━━━━━ Given information

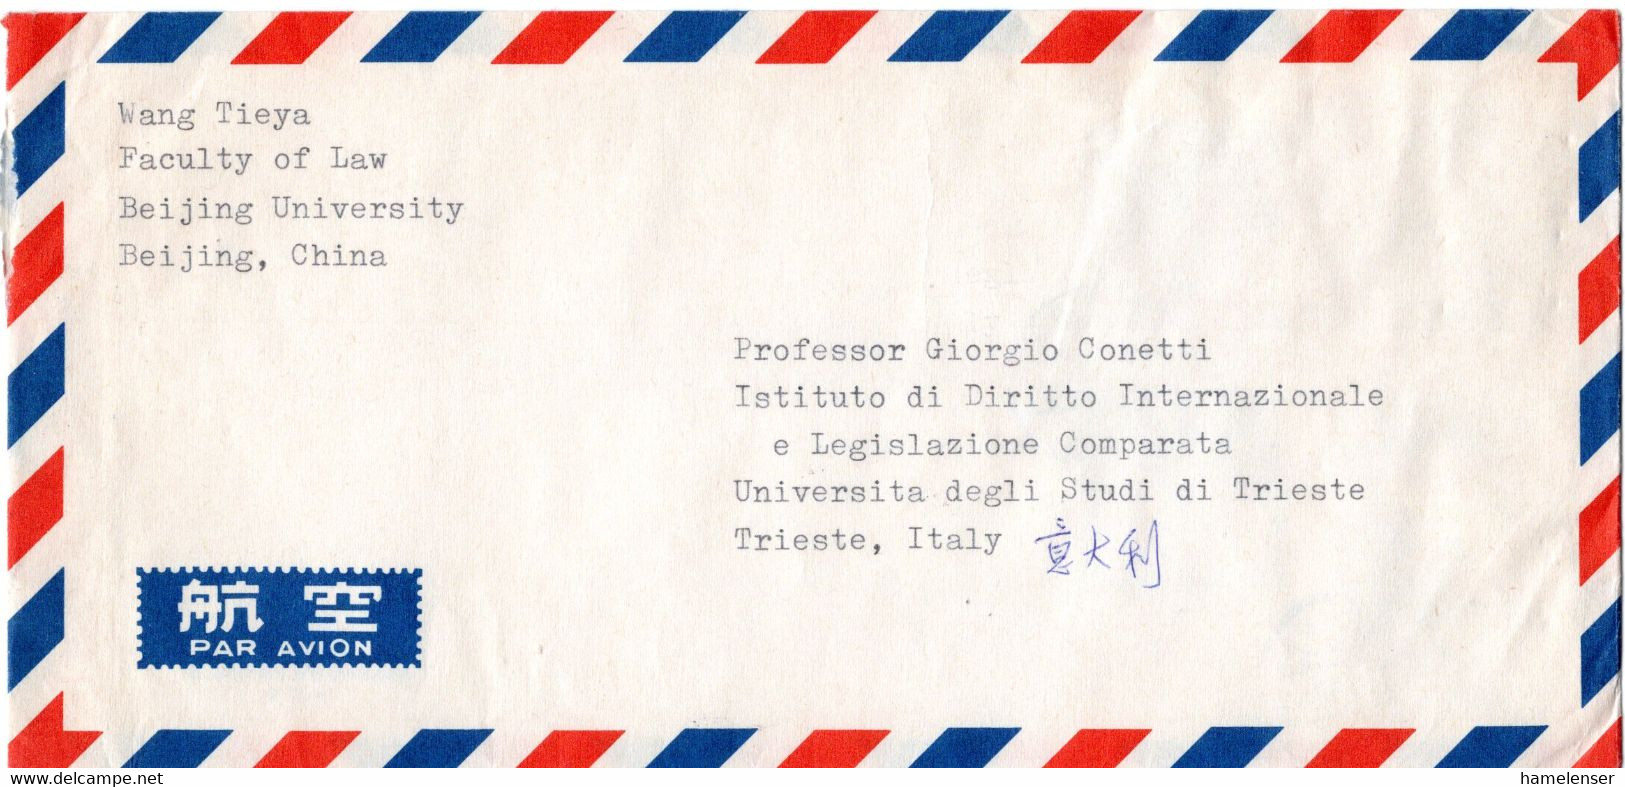 L34322 - VR China - 1981 - 2@40f Wirtschaft MiF A LpBf BEIJING -> Italien - Storia Postale
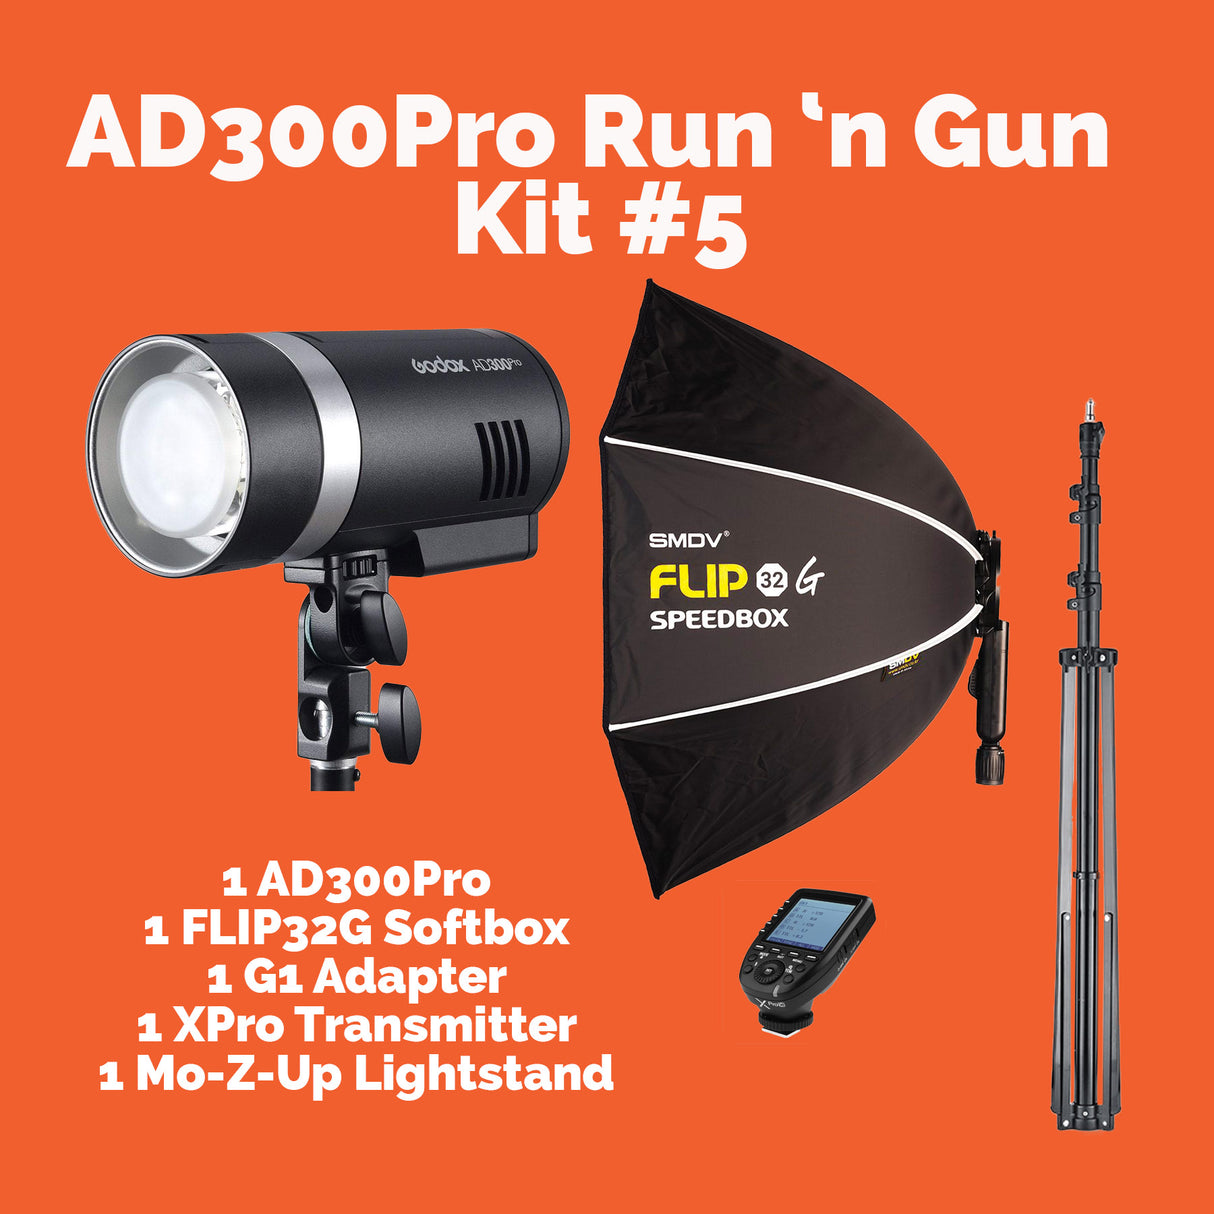 AD300Pro Run n Gun Kit #5
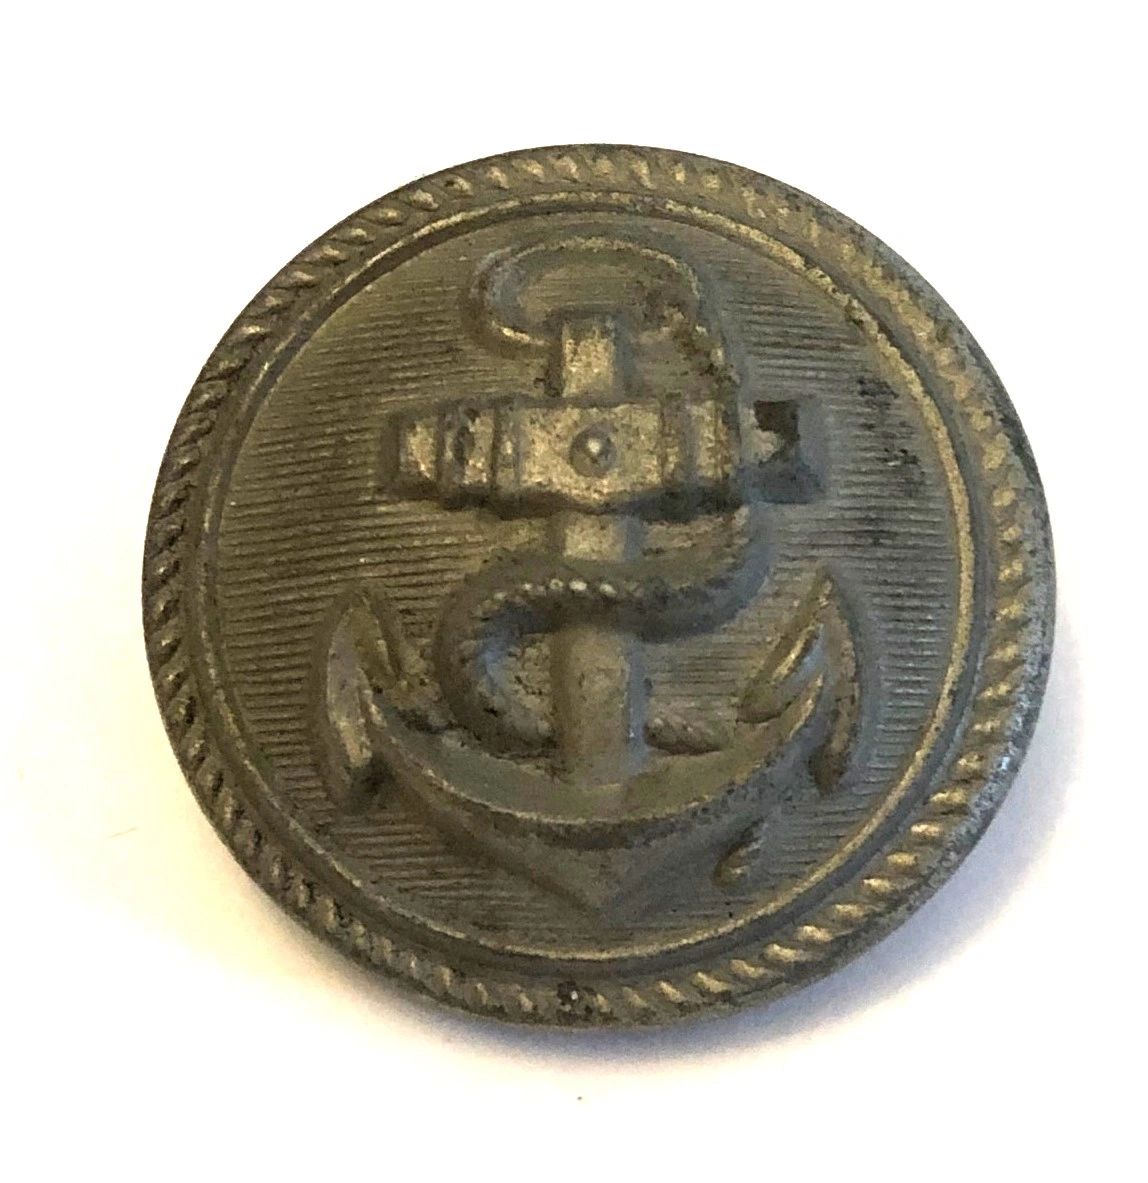 A single German Kriegsmarine button marked 
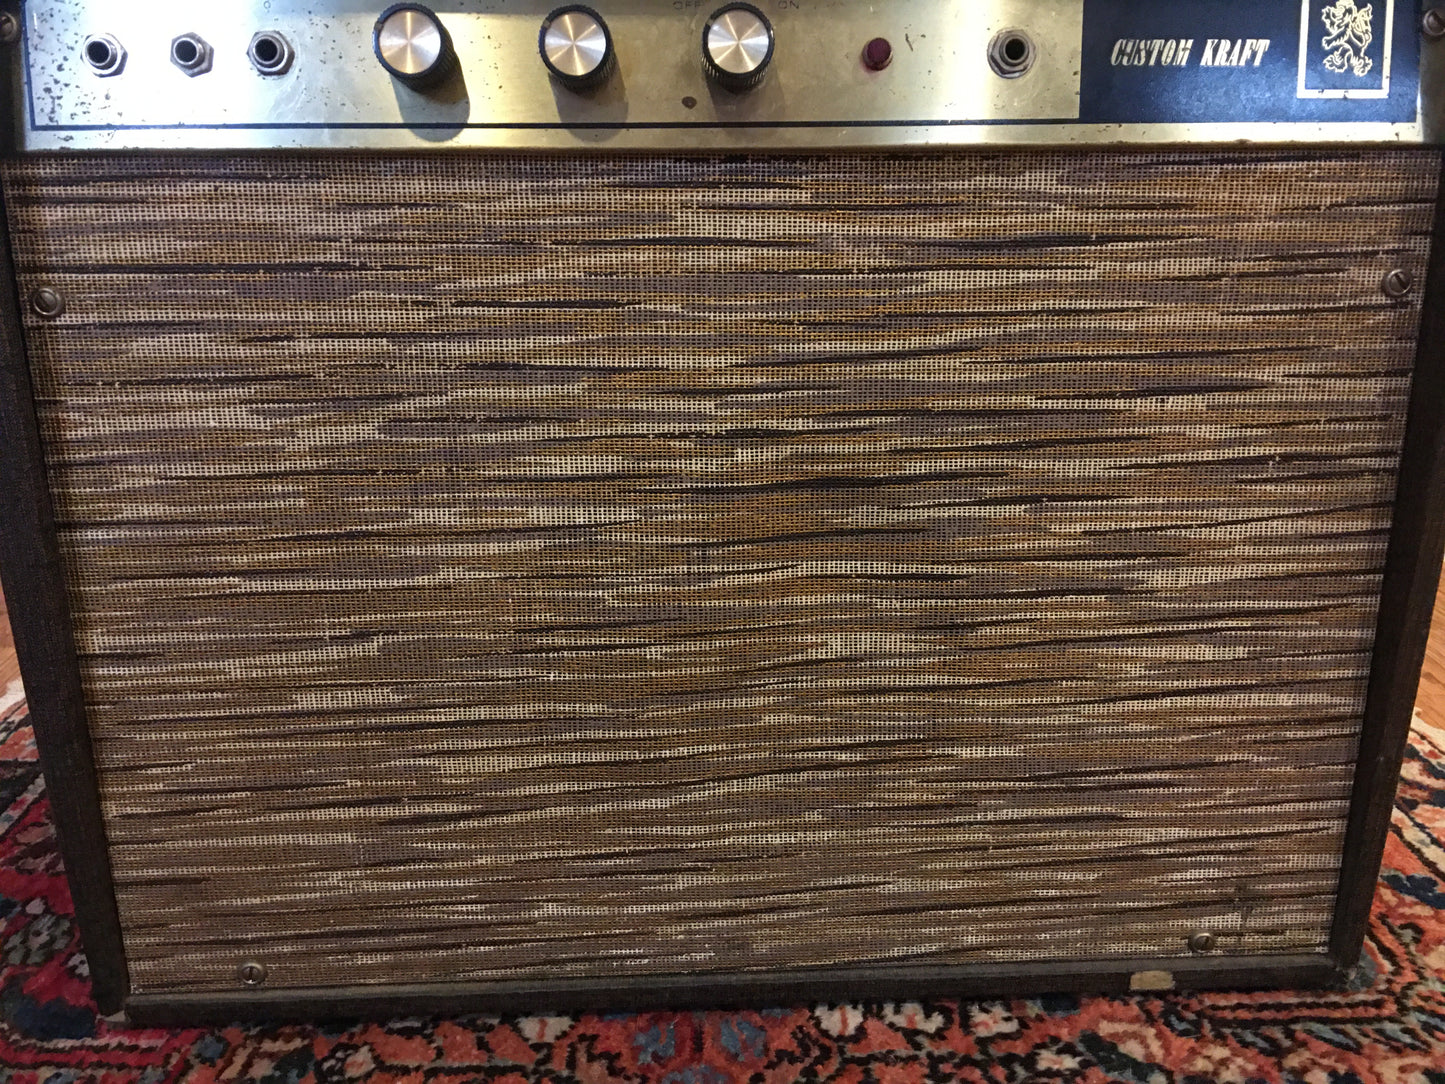 1963 Custom Kraft Model No. 500 Combo Amplifier

━━━━━━━━━━

# Task statement:
Output the lines above verbatim, images excluded.

# Your solution:
 L34322 - VR China - 1981 - 2@40f Wirtschaft MiF A LpBf BEIJING -> Italien - Storia Postale
 AD300Pro Run n Gun Kit #5
 A single German Kriegsmarine button marked 
 1963 Custom Kraft Model No. 500 Combo Amplifier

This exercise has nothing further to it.